Bio

Yifei Li is a Ph.D. candidate in EECS at MIT CSAIL in the Computational Design and Fabrication Group, advised by Prof. Wojciech Matusik. Her research lies at the intersection of computer graphics, differentiable physical simulation, computational design, and machine learning, with a focus on hybrid neural-physics methods for self-adaptive physical systems. She is the recipient of the MIT Stata Family Presidential Fellowship and was named to Rising Stars in Computer Graphics. Yifei received a B.S. in Computer Science from Carnegie Mellon University. She has held research internships at Meta Reality Labs, NVIDIA, Boston Dynamics AI Institute, and Facebook AI Research.

Trustworthy AI in Energy Systems: Shaping the Energy-Intelligence Future

Next-generation engineered systems, from artificial hearts that adapt pumping waveforms to medical sleeves that reshape fabric panels around healing limbs, must continually update geometry, material parameters, and control policies in response to streaming data. Achieving this vision requires computational frameworks that couple high-fidelity continuum mechanics with data-driven learning. Classical simulators offer physical fidelity but are slow and non-differentiable, blocking inverse design and real-time adaptation. Purely neural surrogates are fast and differentiable, yet demand large datasets and often drift from governing laws. My research develops hybrid neural-physics methods that retain first-principles accuracy while exposing exact gradients, bridging simulation and machine learning for adaptive continuum systems.
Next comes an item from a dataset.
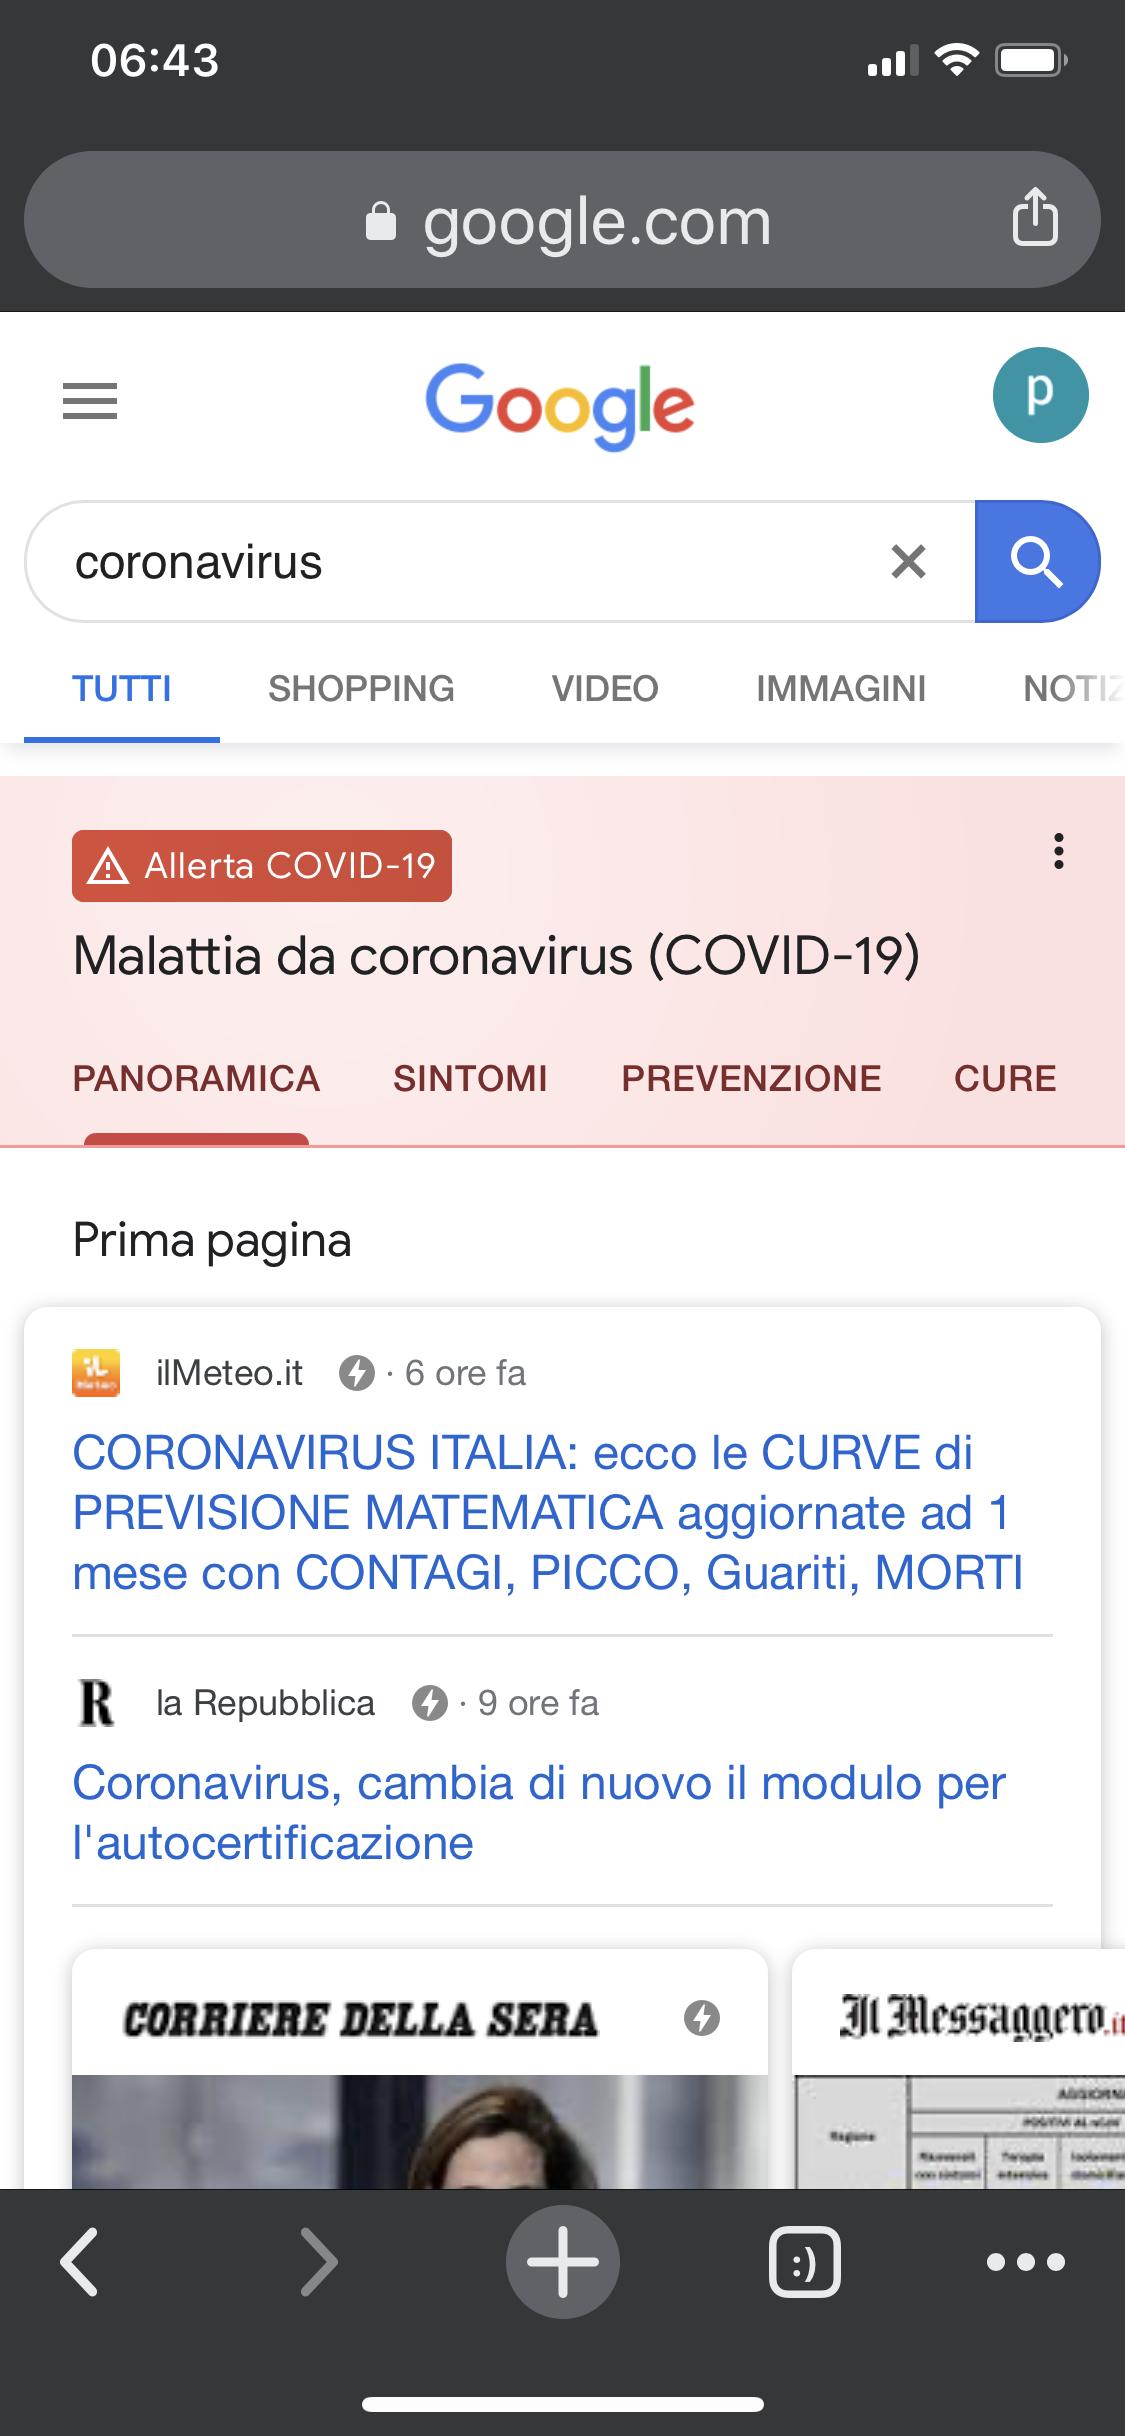 sezione google sul coronavirus

The first step was to establish that high-fidelity solvers could be made differentiable while preserving physical laws. By back-propagating exact derivatives in deformable solids and enforcing fluid dynamics in topology optimization, I demonstrated that one can perform large-scale, gradient-based design in both cloth and fluidic systems. These solvers also unlocked an interface for neural design and control with physics knowledge. By backpropagating the gradients to neural network parameters, these systems enabled tasks such as artificial-heart design and control. In parallel, I developed pipelines for real-to-sim tasks, reconstructing body shape, fabric, and material parameters directly from observations to yield digital humans whose motion and drape align with reality.

These advances naturally motivated the need for modularity: an engine that allows physics-based components and neural surrogates to coexist within one framework. My recent work on Neural Modular Physics introduces such a composable architecture, conserving physical invariants while enabling hybridization where models are uncertain.

Looking forward, I aim to generalize this agenda into a unified differentiable multi-physics framework that couples solids, fluids, and deformables, while maintaining robust sim-to-real pipelines. This hybrid approach transforms simulation into a continuously learning, self-redesigning engine for adaptive physical systems.